The data should be written out in full, exactly as it stands, and the pictures dropped.

Start of DATA PROVIDED

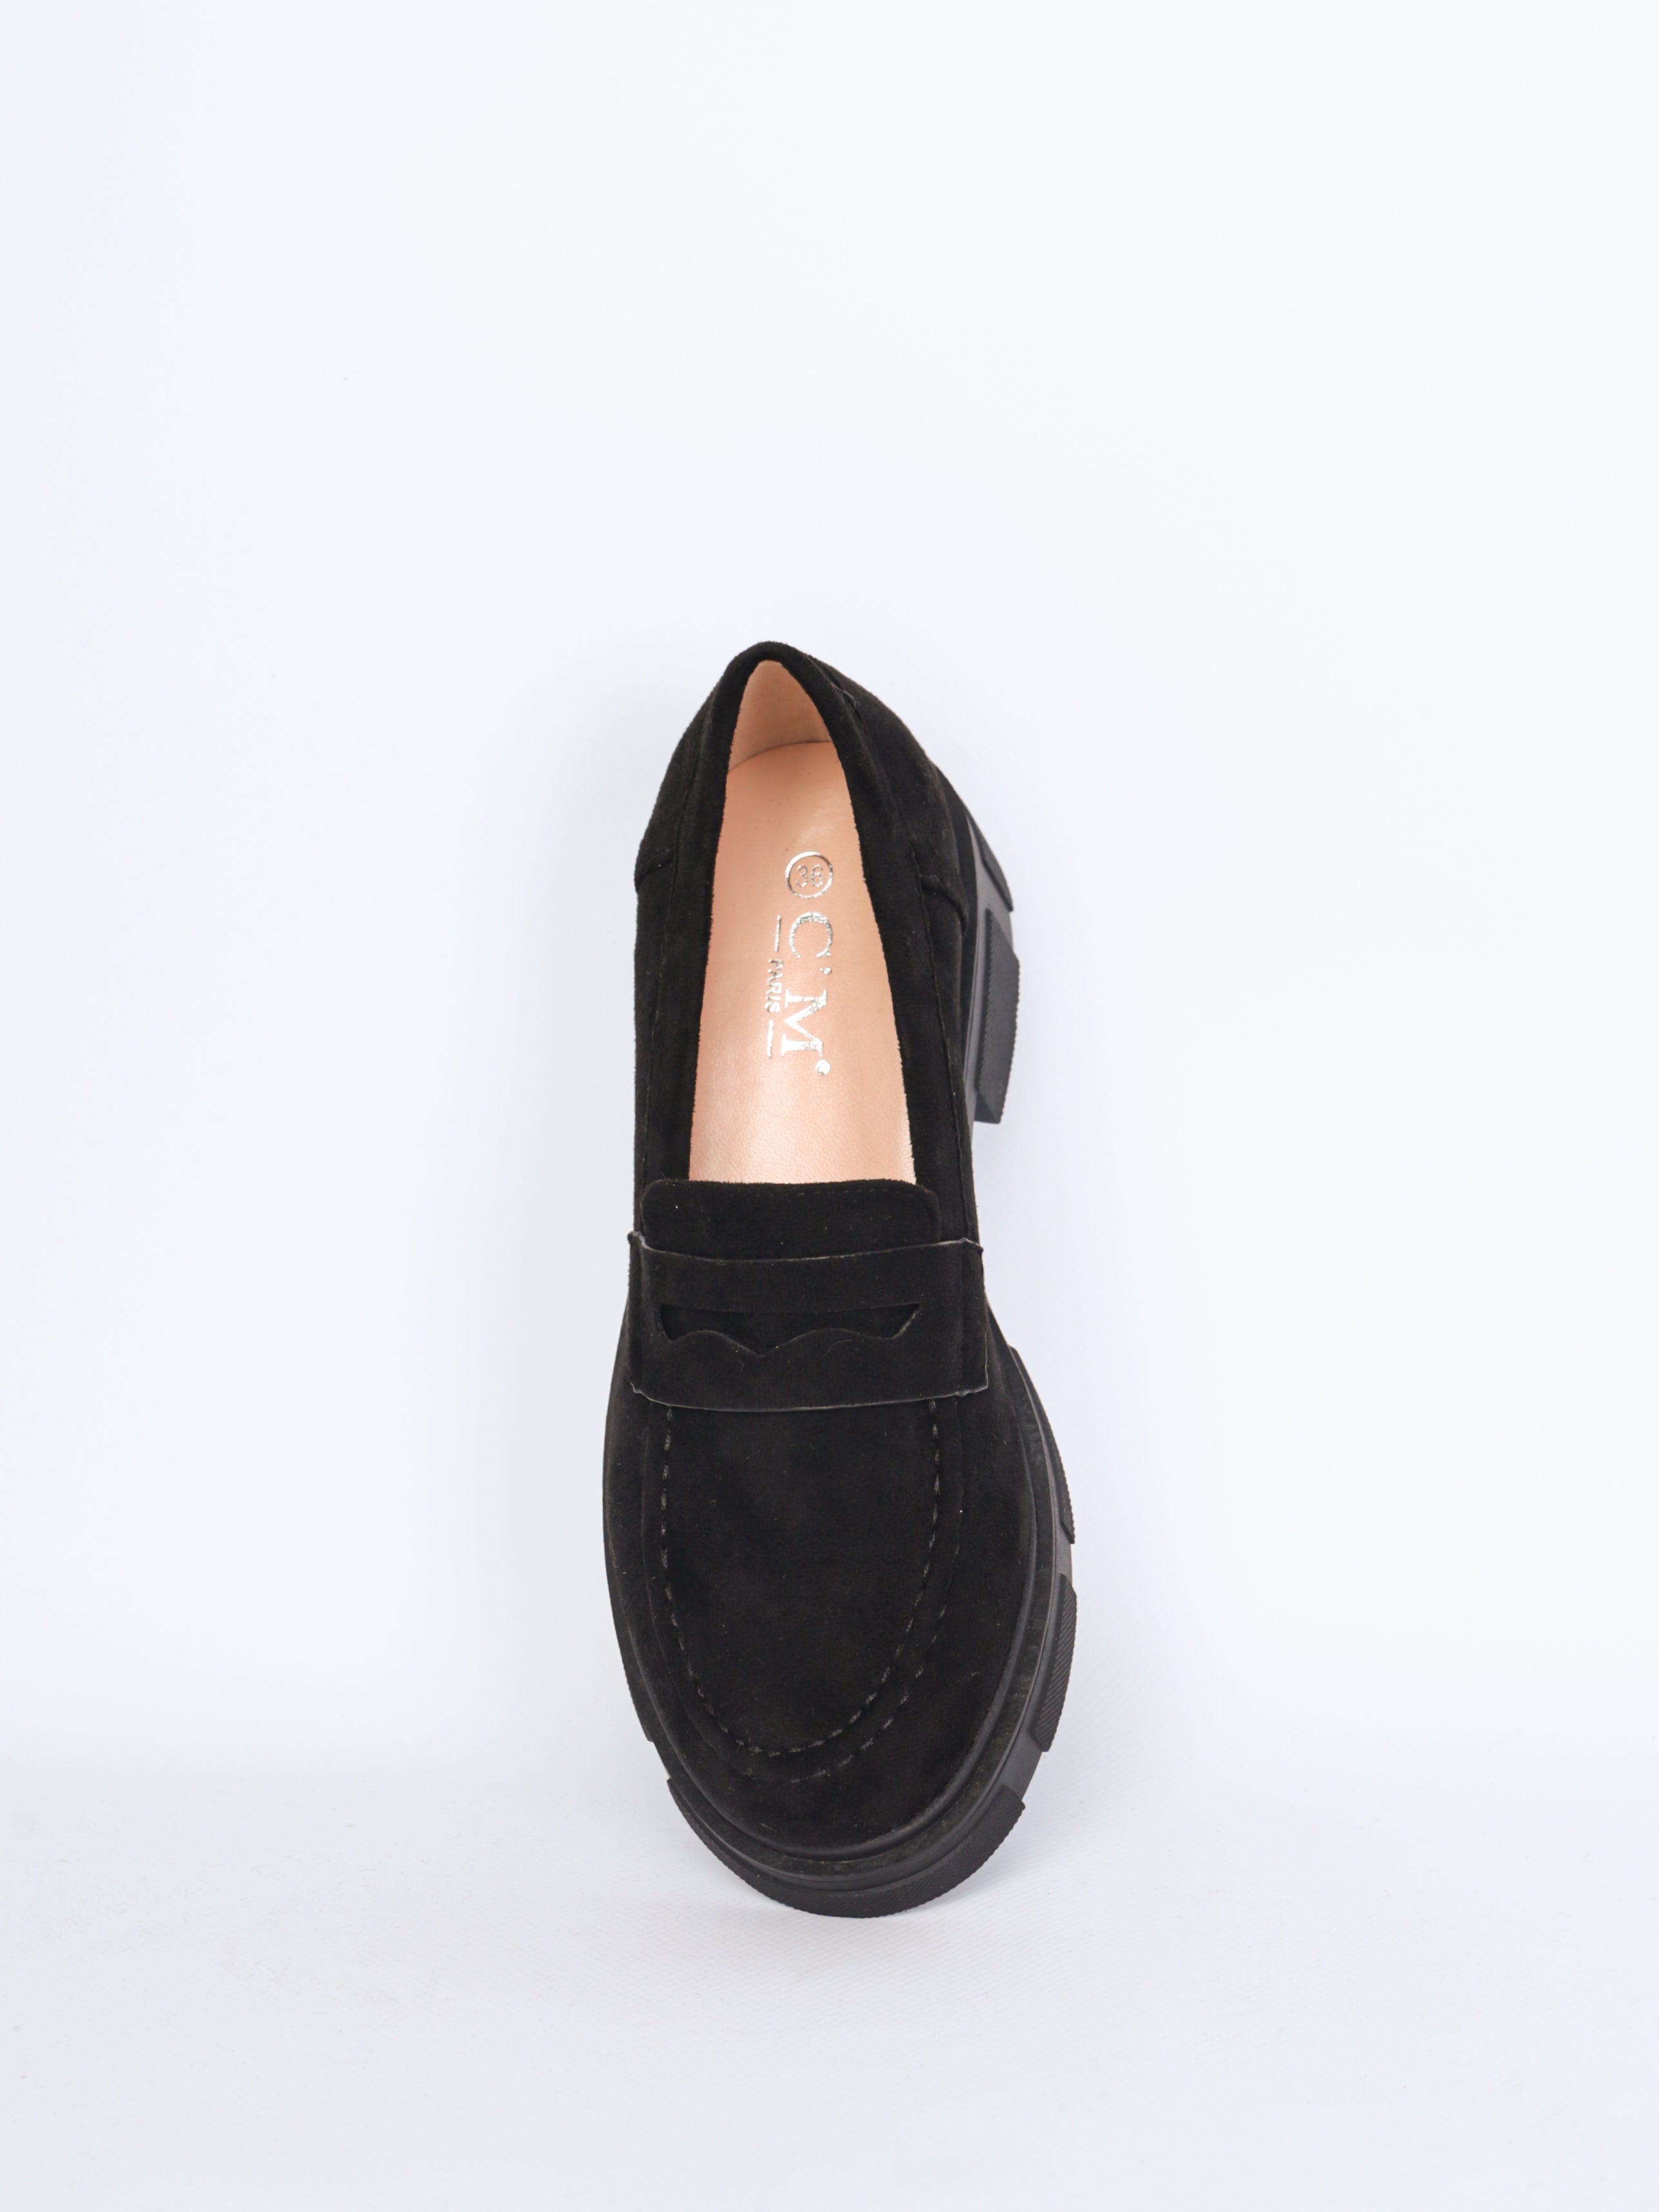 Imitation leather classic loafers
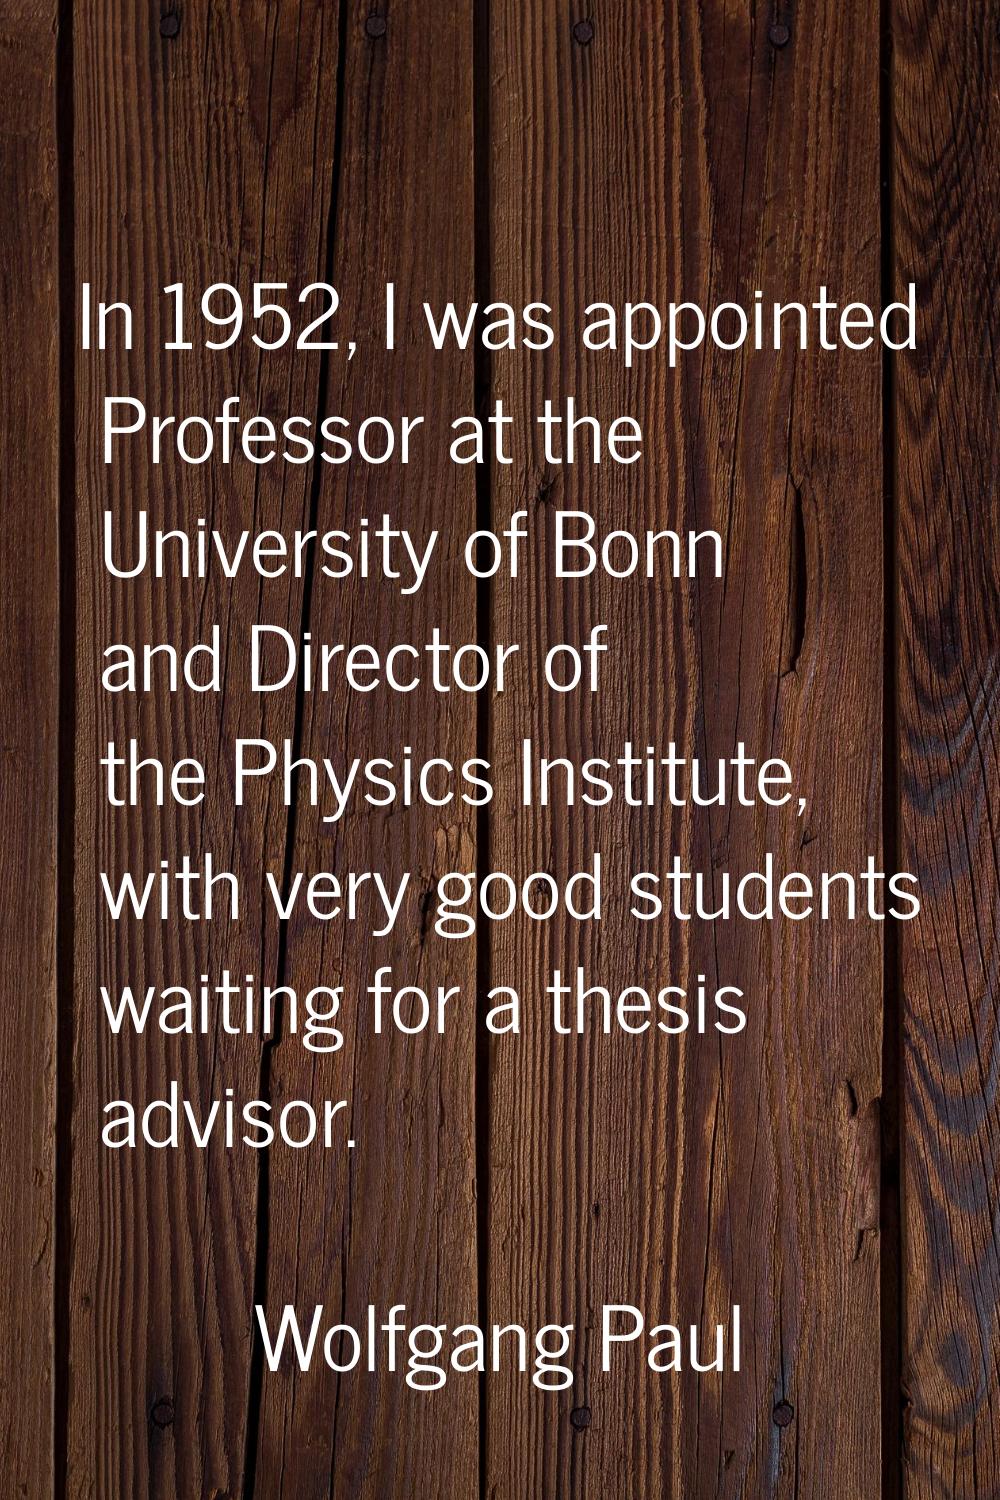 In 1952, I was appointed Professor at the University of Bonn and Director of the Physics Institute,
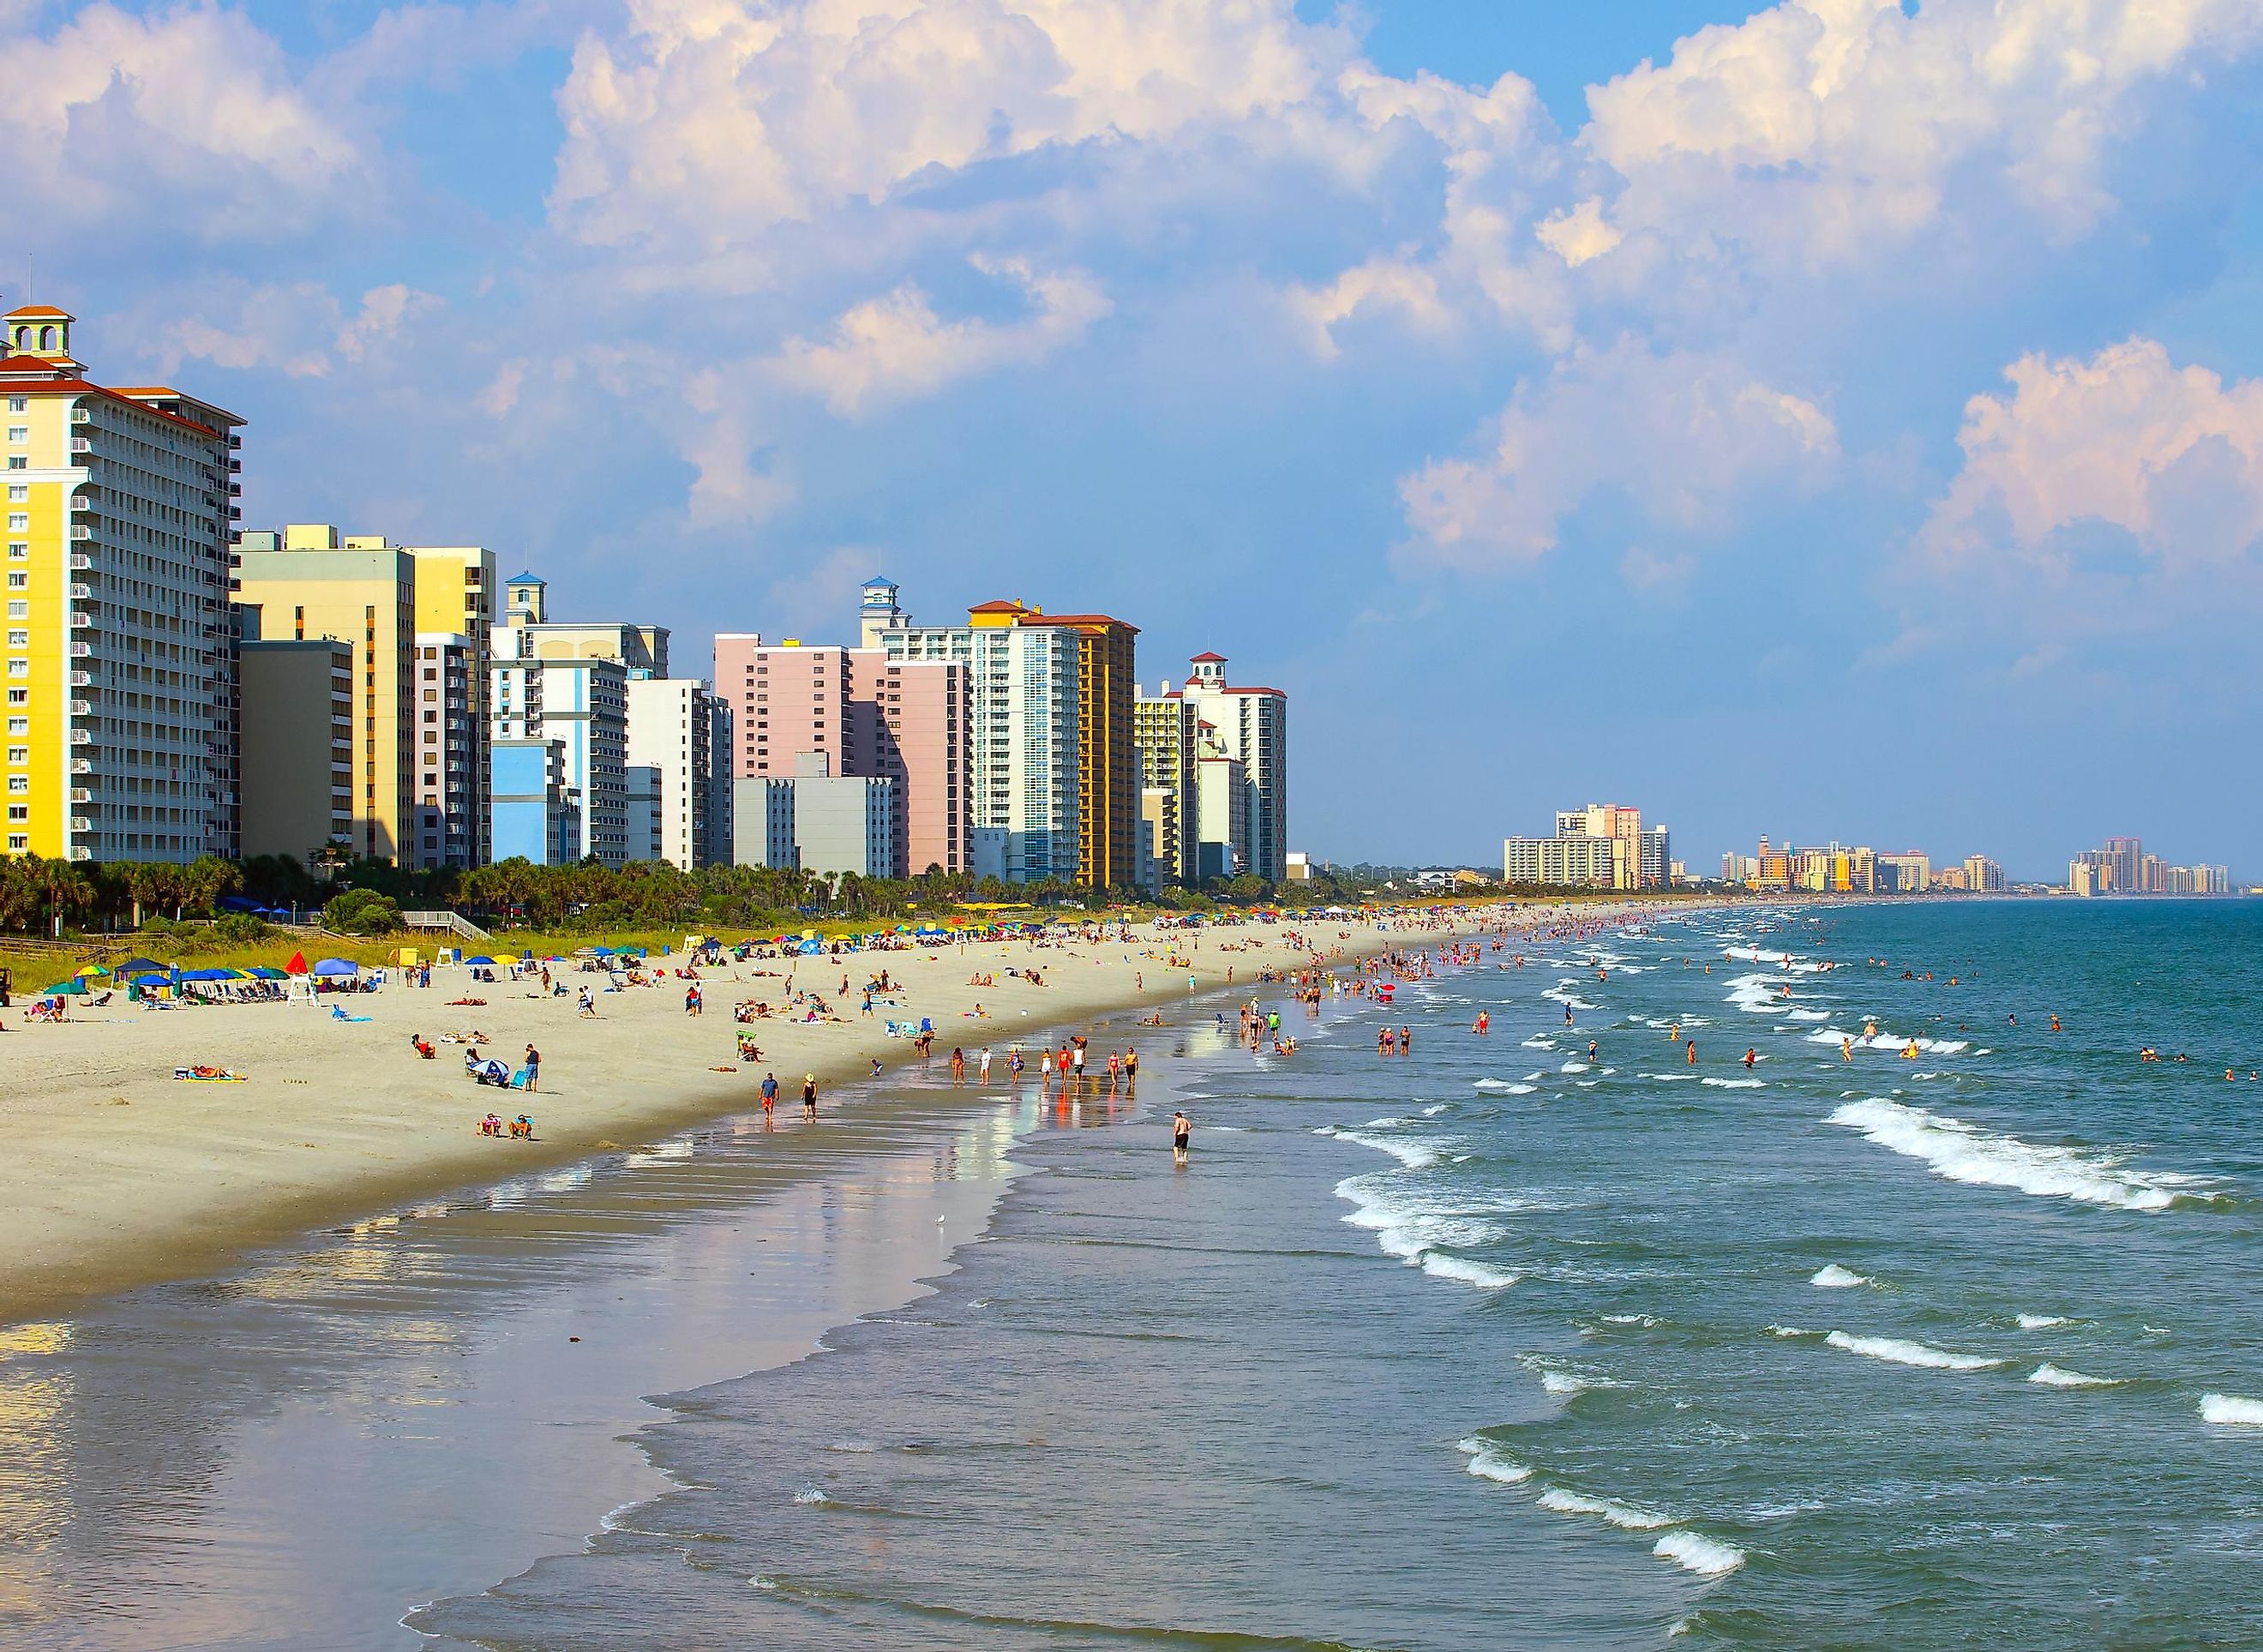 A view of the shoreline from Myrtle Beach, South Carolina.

End of DATA PROVIDED

* **SOLVED EXERCISE**:
 Imitation leather classic loafers
 In 1952, I was appointed Professor at the University of Bonn and Director of the Physics Institute,
 A view of the shoreline from Myrtle Beach, South Carolina.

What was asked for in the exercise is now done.